Tchad : le procès de Succès Masra se poursuit dans une atmosphère tendue

Le procès du leader de l’opposition, Dr Succès Masra, s’est poursuivi ce vendredi devant la cour criminelle, dans une ambiance électrique. Les échanges entre les différentes parties ont été marqués par des propos incisifs, des questions sensibles sur les violences passées, et des remises en cause du rôle de l’État.

Alors que le procès porte officiellement sur des accusations liées à des faits qualifiés de génocide, l’un des avocats de la partie civile, représentant l’État, a tenu à clarifier le cadre du débat :

« Ici, notre débat porte sur le génocide, mais il ne s’agit pas d’une bagarre au sujet de ce qui s’est passé à Mandakao », a-t-il déclaré.

De son côté, Dr Succès Masra a profité de sa prise de parole pour revenir sur une scène marquante de son interrogatoire par la police judiciaire :

« Quand les responsables m’ont demandé mon ethnie, je leur ai répondu : Je suis Tchadien, comme cela est indiqué sur mon acte de naissance », a-t-il relaté, suscitant des murmures dans la salle.
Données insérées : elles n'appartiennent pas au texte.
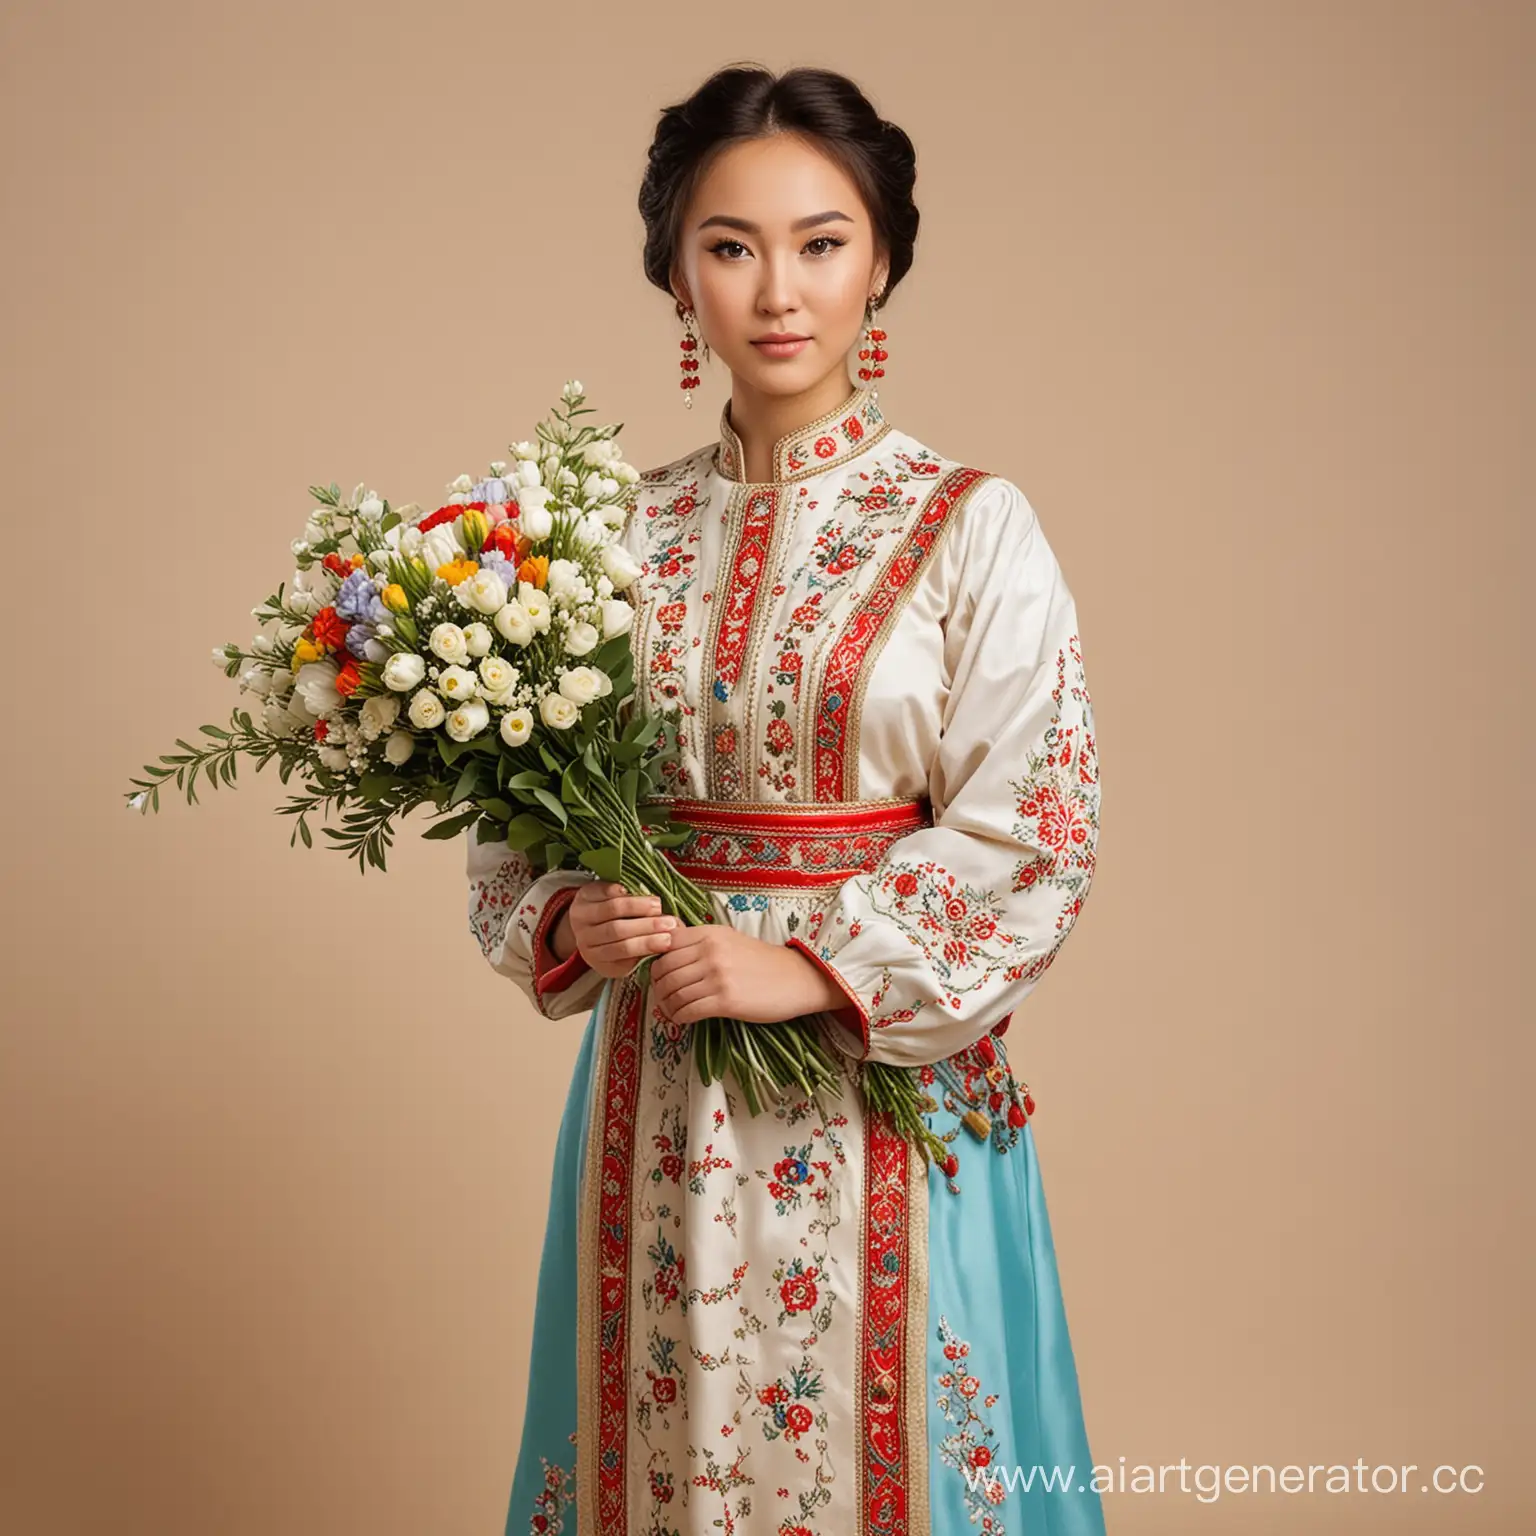 девушка казашка, в национальном платье с орнаментом, стоит на бежевом фоне, в руках держит букет цветов

La défense n’a pas manqué de pointer la responsabilité de l’État dans la gestion de la sécurité, notamment durant les épisodes de violences :

« Qui a introduit les armes utilisées par les civils pour s’entretuer ? Où est l’État ? L’État qui a les moyens de contrôler la circulation des armes, pourquoi ne l’a-t-il pas empêché ? », a lancé un des avocats de l’opposant.

Face à ces accusations, le président du tribunal a interrompu l’audience pour rappeler que ces arguments seraient examinés lors de la phase de plaidoirie.

La séance du matin a ensuite été suspendue, laissant place à de nombreuses interrogations sur l’issue de ce procès hautement politique.